There are several special collections: the library for the blind (providing access to a great number of items by 'Medibus'), the Heinrich-Böll-Archiv (Heinrich Böll Archive) and the collection 'Literatur in Köln' (literature in Cologne). There is an exhibition space with the last work room (completely furnished) of Heinrich Böll and a photo exhibition of authors from Cologne.
In addition, the central library hosts the Germania Judaica, Cologne's library for the history of the German Jewry.

The branch libraries

There are 11 branch libraries, situated in different districts of Cologne. There are branches in Bocklemünd, Chorweiler, Ehrenfeld, Kalk, Mülheim, Neubrück, Nippes, Porz, Rodenkirchen and Sülz.

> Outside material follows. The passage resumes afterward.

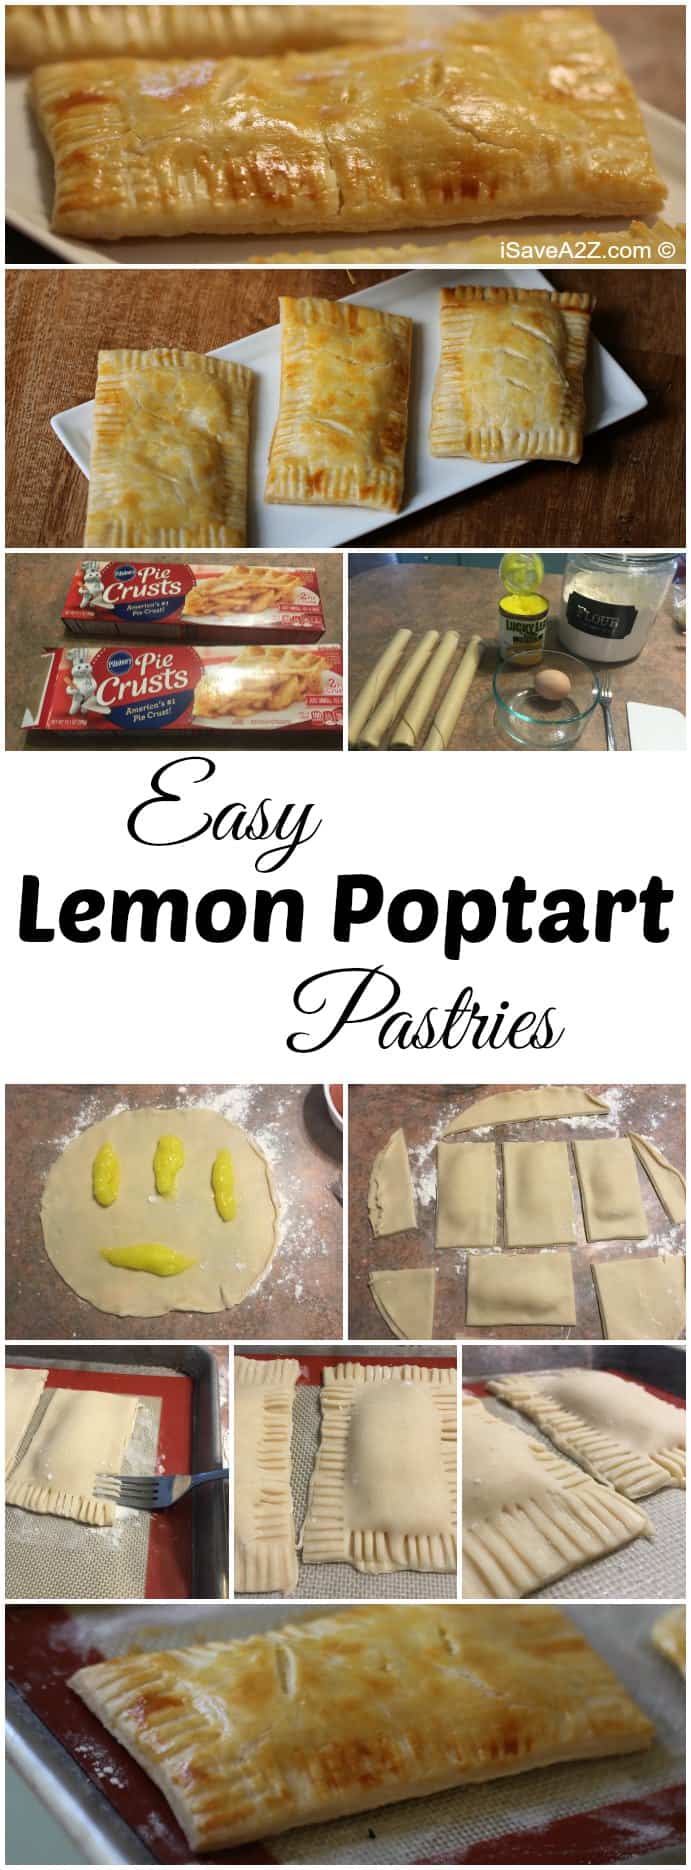 Easy Lemon Poptart Pastries

The branch in the Südstadt (Haus Balchem) is something special: it is housed in a building, which was reconstructed in 17th century baroque style after the second world war.
The branch library in Bocklemünd is something like a junior company: it is managed by apprentices under the supervision of a young library employee. 
The mobile library serves another 18 neighbourhoods in Cologne.

Service
Among a range of other items, current bestsellers are provided (fiction, non-fiction, pop music, films). The library offers various library education programmes and cooperates with schools. The interlibrary loans department procures items from other libraries, if they are not available in Cologne. There are training sessions on how to conduct searches in databases and on the internet. The school service offers educational programmes designed for various age groups using methods to encourage pupils to be active, thus promoting media and information literacy.

Virtual library
The homepage of the public library of Cologne has been integrated in the site of the City of Cologne. The public library provides high-speed access to the internet and licensed databases that can be searched by customers. It was one of four pilot libraries for the introduction of the Onleihe, a download portal for the temporary use of digital items (e-books, electronic audiobooks and music CDs, e-videos, e-papers). The library communicates via Twitter, Blog and Facebook.

Events
Cologne Library is not just a knowledge store, but also a much-frequented location for events. Among the highlights is the series of events called 'wissenswert': presenters talk with authors who read from their books.
Throughout the library system, there are readings, exhibitions and a programme designed for children.

Reading promotion
Cologne library offers a reading promotion programme which consists of modules. The 'Cologne bookbabies' focuses on promoting language acquisition and perception. 'Papalapap' is mainly aimed at day nurseries, with playful reading promotion elements such as the Papalapap-paint book.
Older children can join the 'Leseclub'. Each member between six and 15 years of age receives an individual reading diary with age-specific tasks.
'Ran ans Lesen' was developed for the great number of all-day schools in Cologne. This project includes writing 'reading diaries', volunteer engagement and cooperation with teachers.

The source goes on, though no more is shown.